Unlocking the value of Geospatial big data

Author: Ernest

Geospatial big data refers to spatial data that exceeds capacities of current computing systems. The rapid raise in the availability of locational data with data sources becoming endless brings new opportunities to push geospatial applications to solve global problems and derive revenue for businesses.

With advances in technology, source of locational data is becoming diverse, advances in space imaging technology now supports rapid collection of massive satellite images almost in near real-time, Internet of Things (IoT), Smartphones, Wearables, RFID Sensors are generating massive real-time, spatial temporal and Rapidly changing data with geolocation.

Opportunities in Geospatial big data

Access to massive geospatial big data integrated with analytics tools can immensely benefit businesses across various industries. Businesses are faced with decisions that largely depends on location as key variable making it the focal point between relational data and geospatial technology e.g.

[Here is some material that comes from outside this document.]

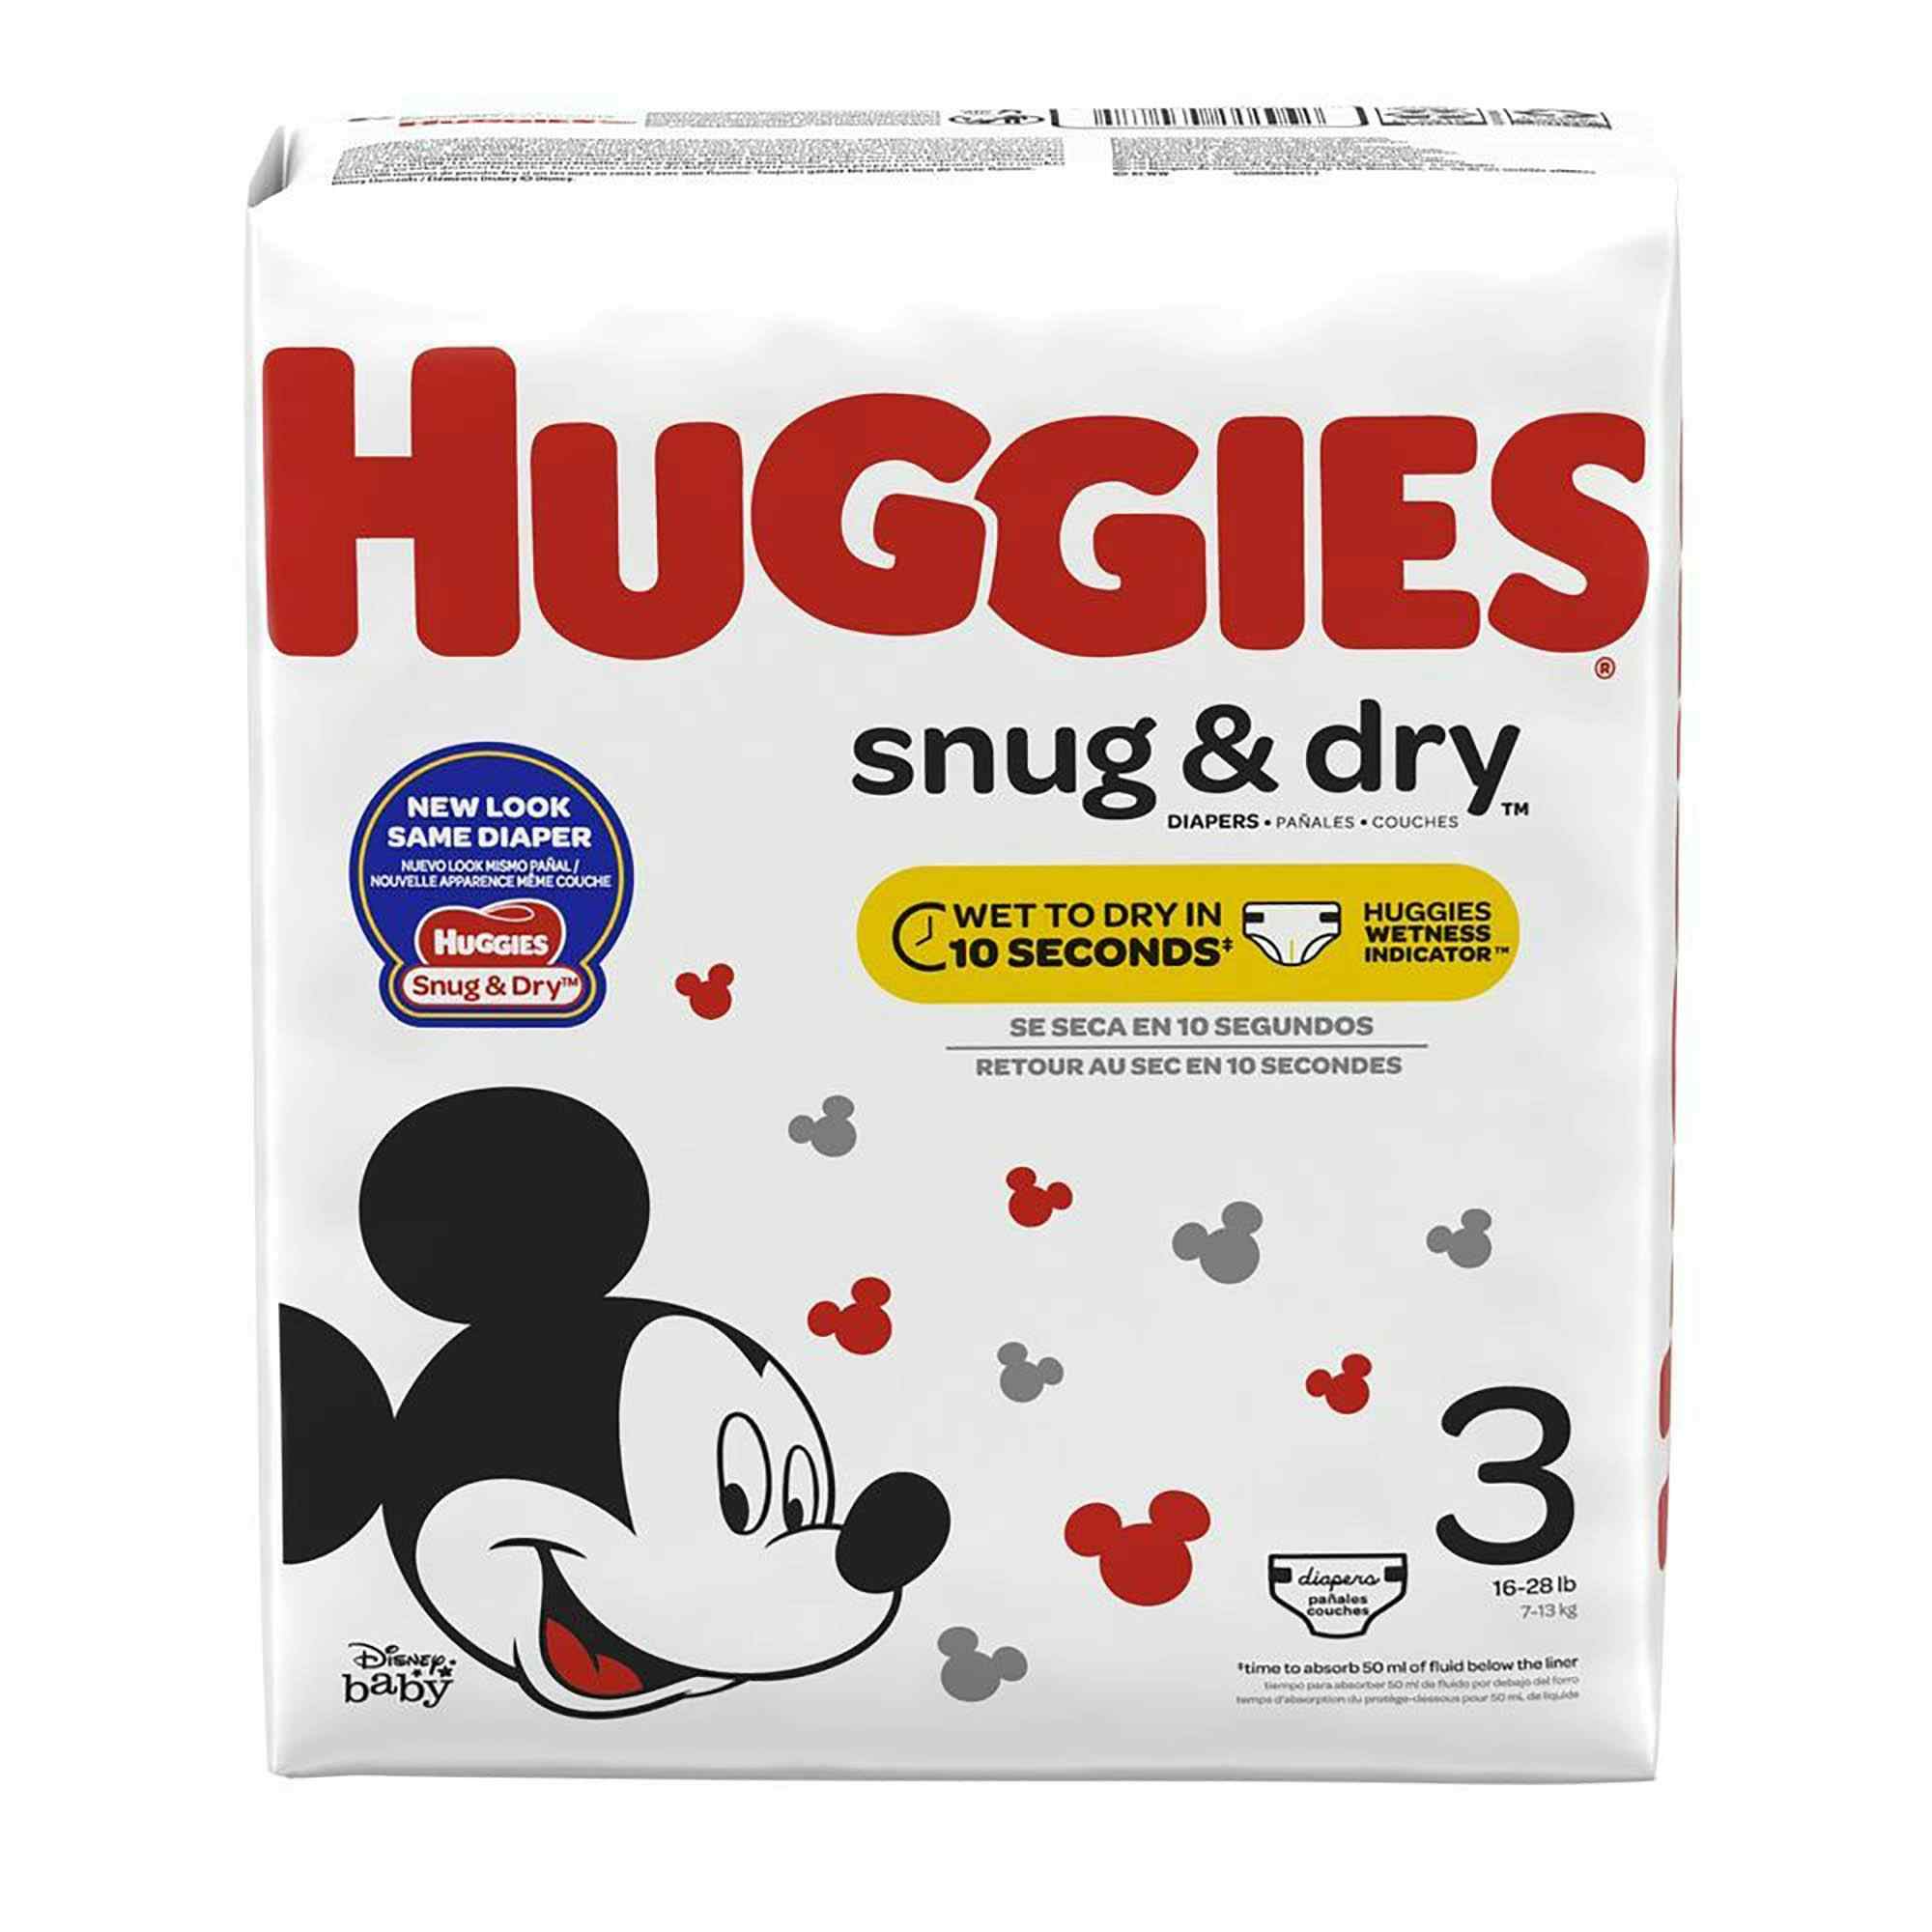 Huggies Snug & Dry Baby Diapers with Tabs, Heavy Absorbency, 51471, Size 3 (16 to 28 lbs.) - Pack of 31

  • Traffic managers are everyday faced with challenges regarding decisions on how to manage busy highways-route public vehicles, ambulances for fast mobility and how it lowers pollution and loss in revenues for  various economies. Road user’s data is critical in generating traffic congestion models, high peak and low peak fluctuations data among other rich datasets.

Practitioners in these sectors often undertake one time traffic surveys on a number of busy highways to generate vehicle volumes data for design and improvement of highways. How can geospatial big data  be integrated with inputs from other sectors to improve transportation planning, traffic management ?

 

  • Analysis of huge, dynamic satellite images e.g. Sentinel Satellite coupled with Artificial Intelligence and Machine Learning Algorithms is changing the way farmers monitor growth of their cross fields, enabling them make critical decisions regarding the crop health at every stage of growth, when to apply fertilizers and when to apply aerosols and ability to estimate crop yields.
  • Health care providers, disease surveillance teams and field volunteers faced with a killer infection often need to reach remote and inaccessible villages to collect data, make diagnosis, formulate interventions to combat spread of epidemics e.g. Ebola in the recent past. With the penetration of mobile technology and Internet volumes of data can be produced from patients, close relatives, health professionals and policy makers. Location becomes key in generating statistics, models, maps that can help analyse, monitor and avert rapid spread of killer epidemics.

The opportunities in geospatial big data lies in the technologies and tools that ingest, integrate and analyses massive datasets delivered on user friendly platforms through a number of media.